**WHAT YOU NEED TO DO:** Your task is to copy the listing exactly, with the pictures left out.

**DATASET EXTRACT:**
= Beginning of Section =
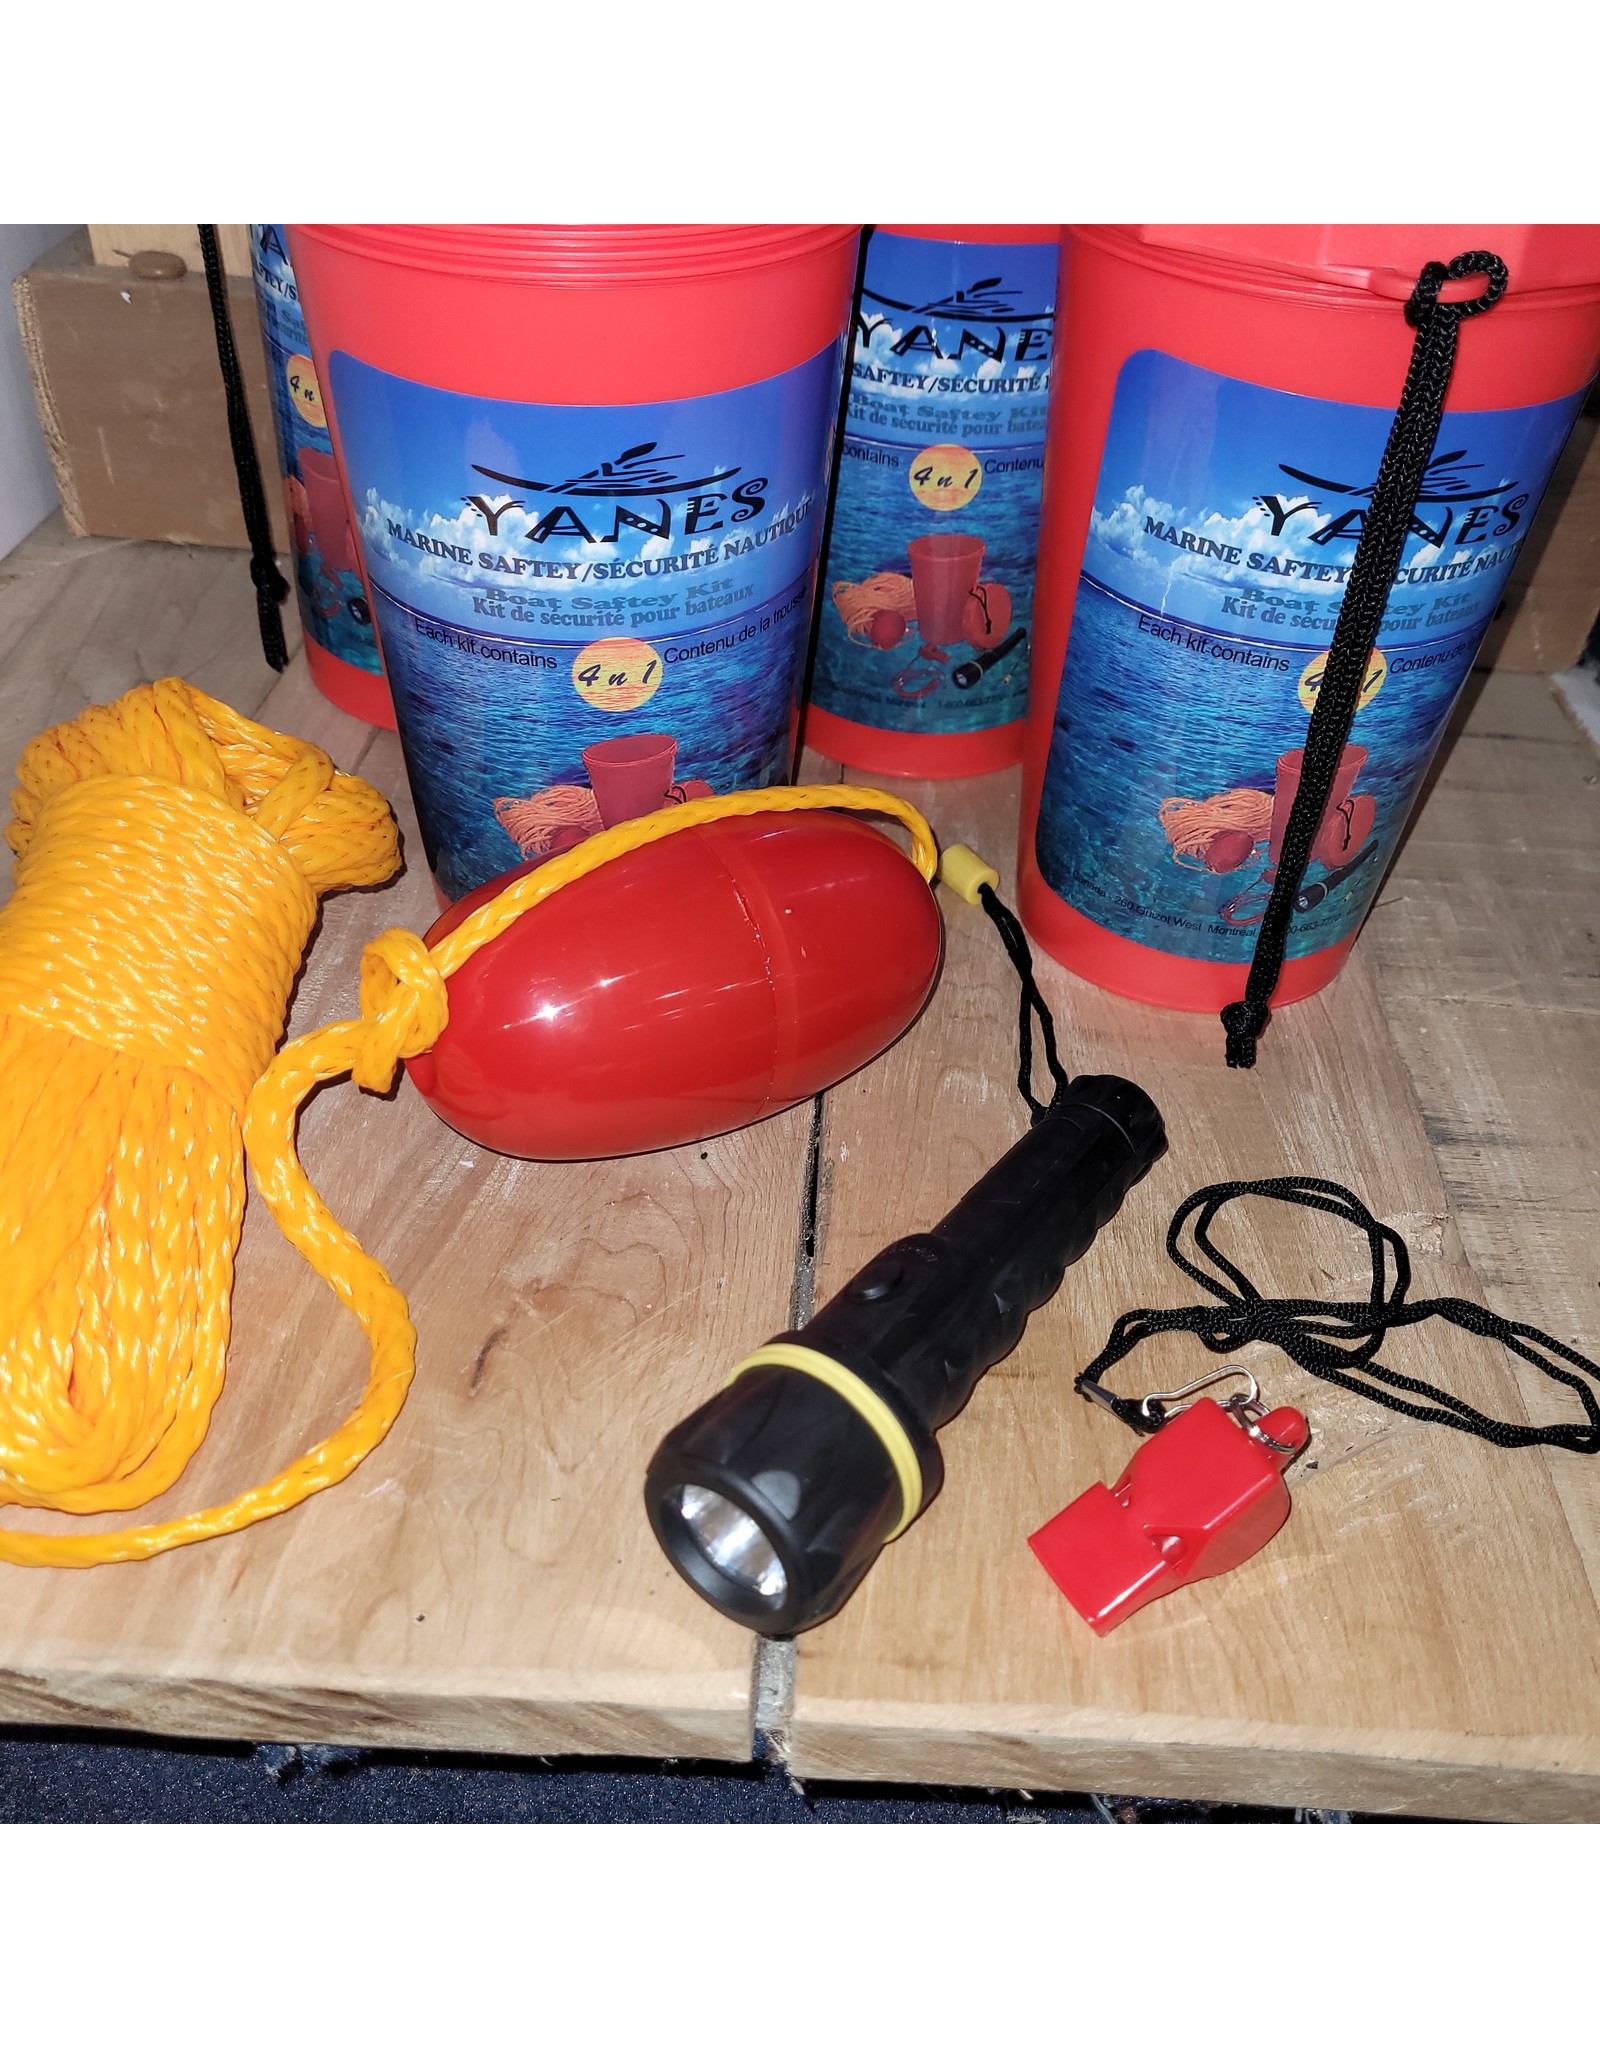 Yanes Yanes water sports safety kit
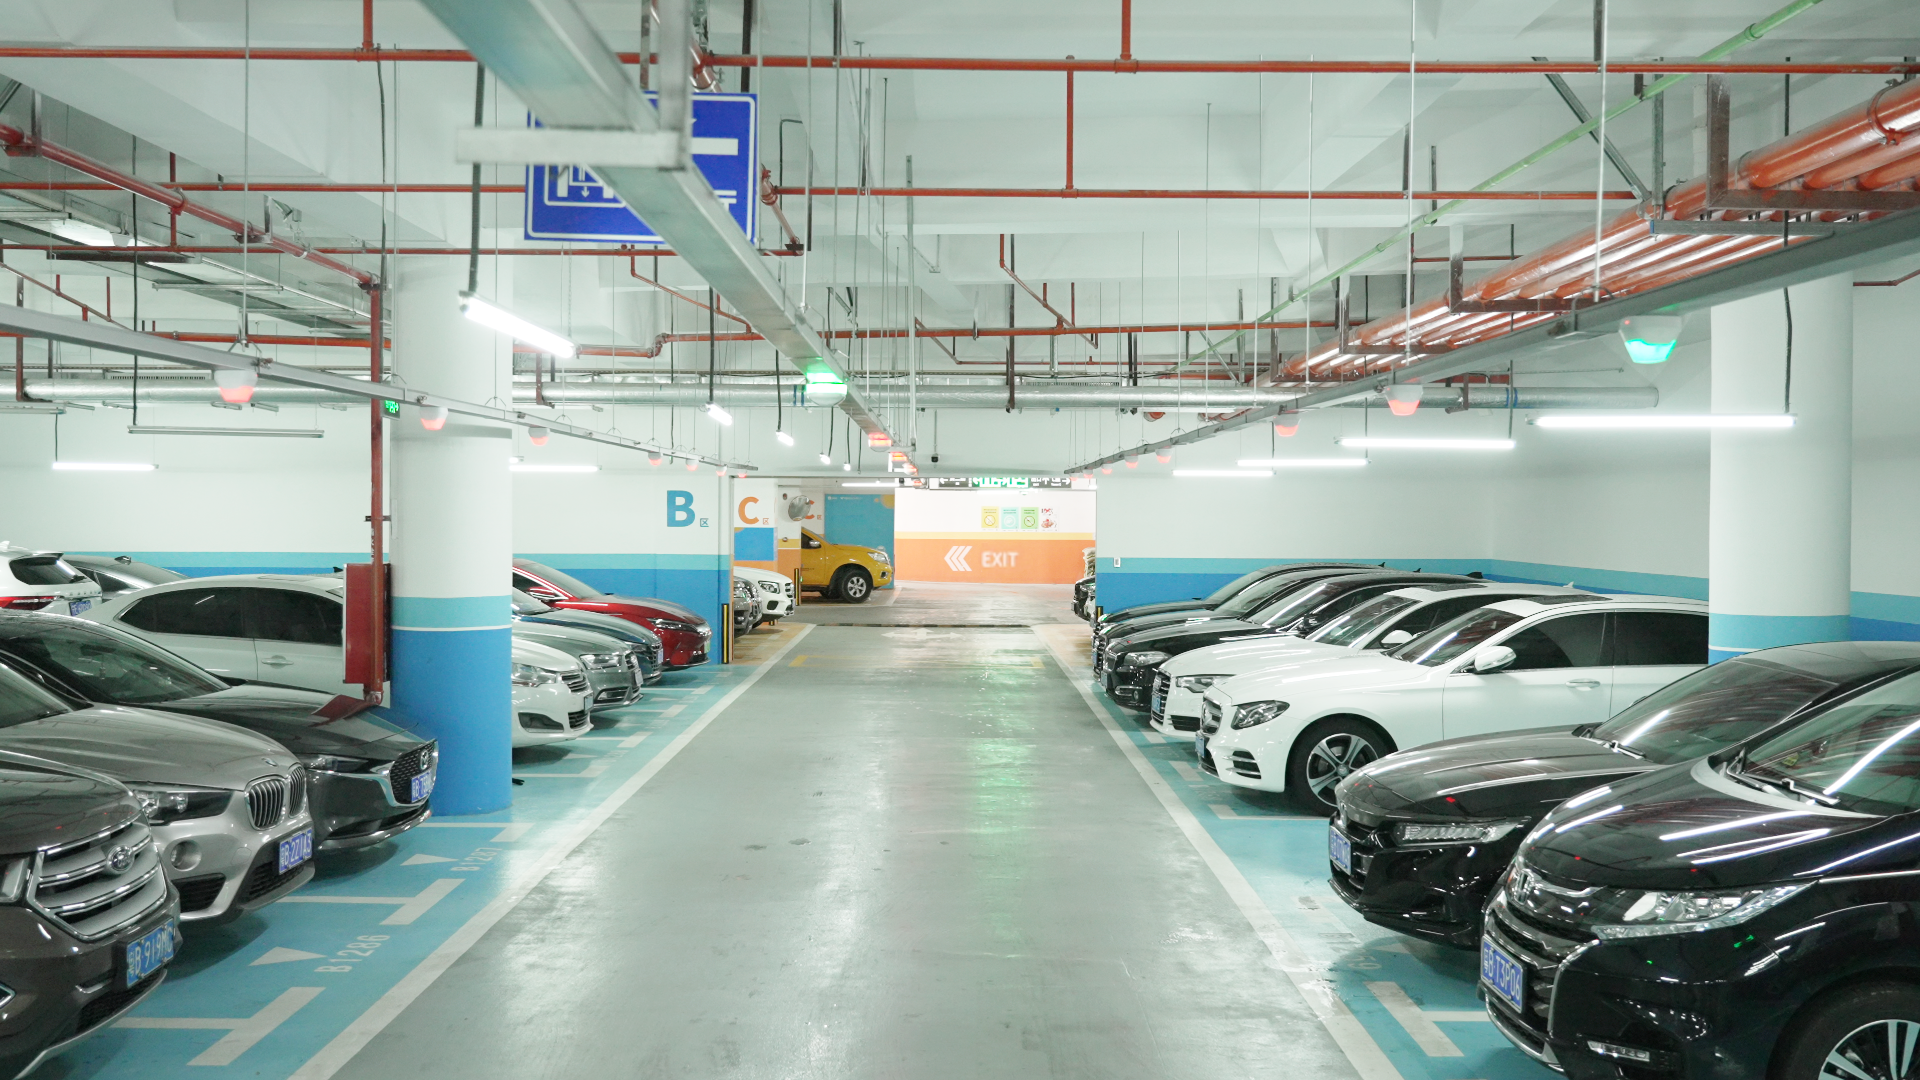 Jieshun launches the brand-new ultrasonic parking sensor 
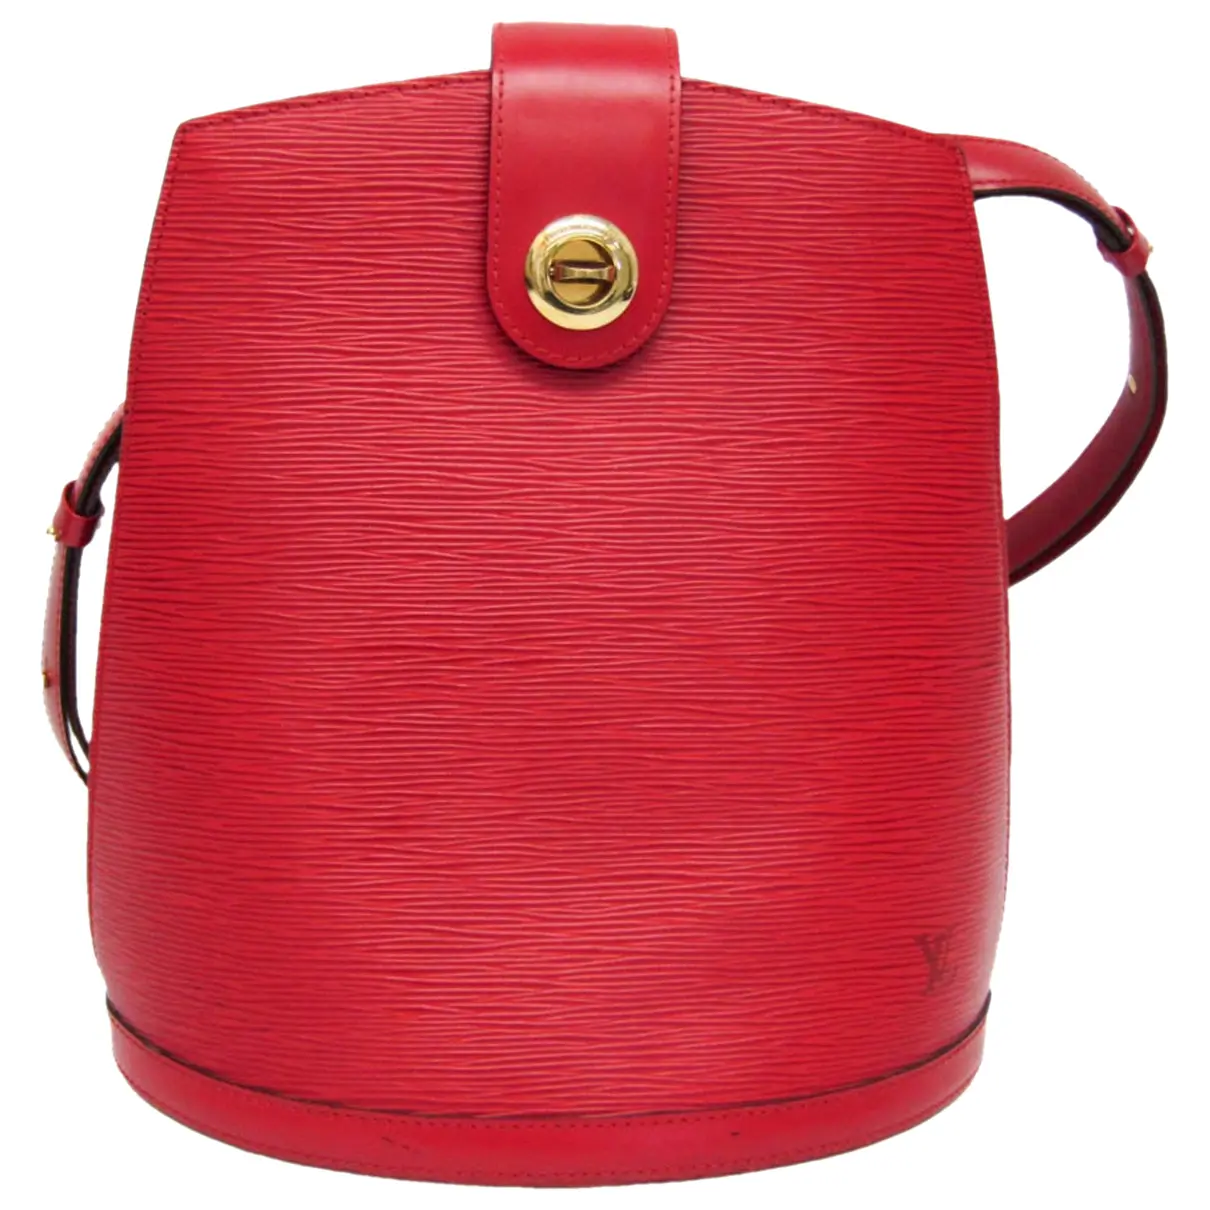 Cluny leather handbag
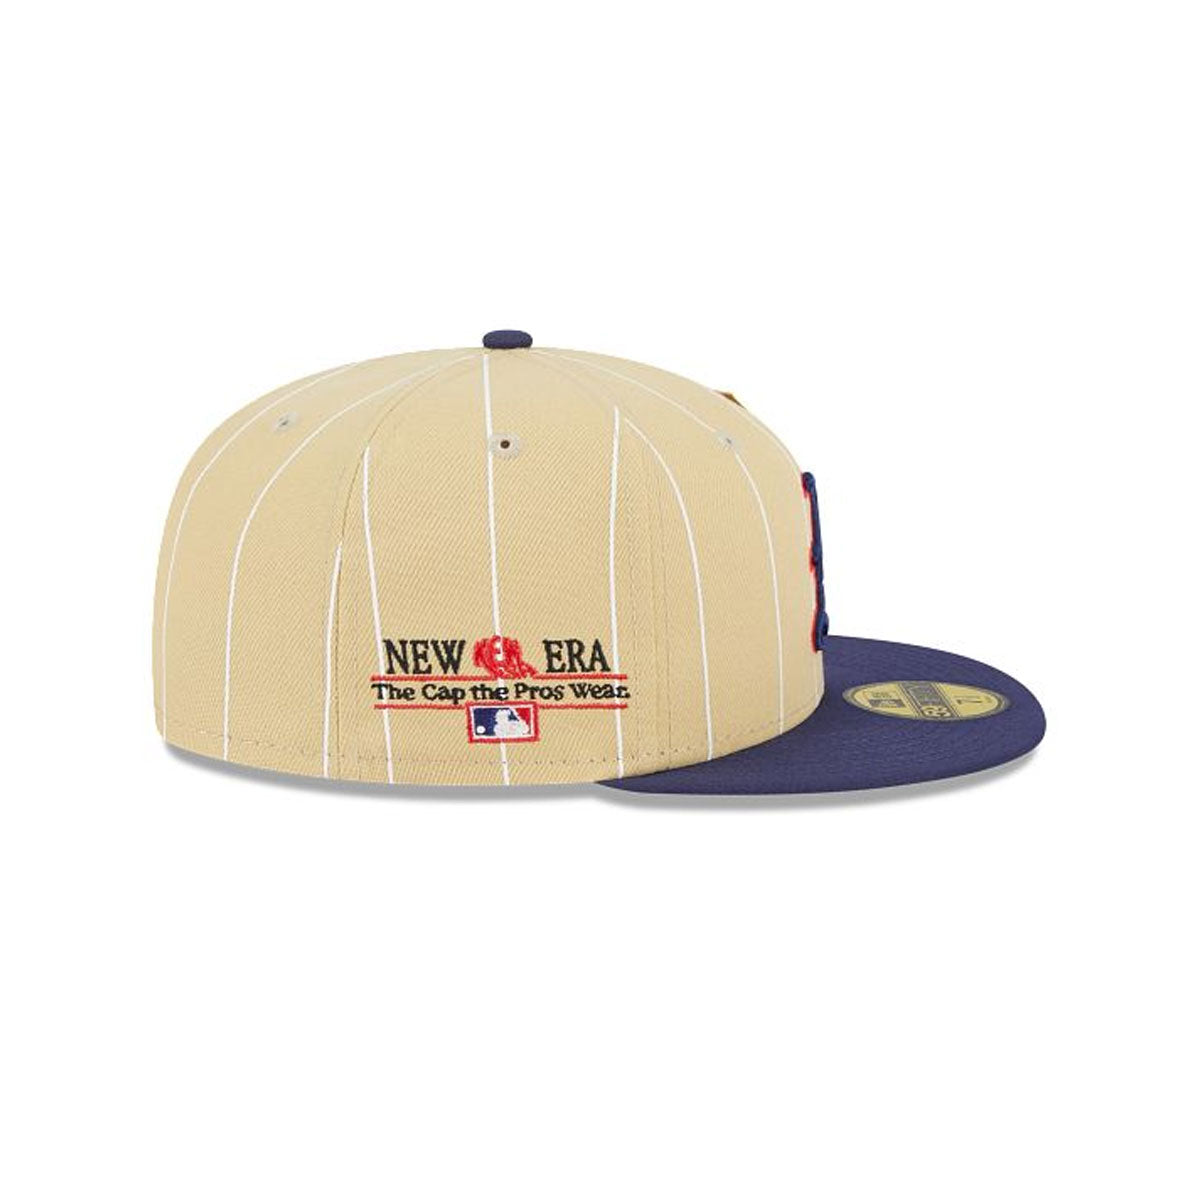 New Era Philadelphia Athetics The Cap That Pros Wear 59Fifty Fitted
= End of Section =
**WRITTEN RESPONSE:**
 Yanes Yanes water sports safety kit
 Jieshun launches the brand-new ultrasonic parking sensor 
 Cluny leather handbag
 New Era Philadelphia Athetics The Cap That Pros Wear 59Fifty Fitted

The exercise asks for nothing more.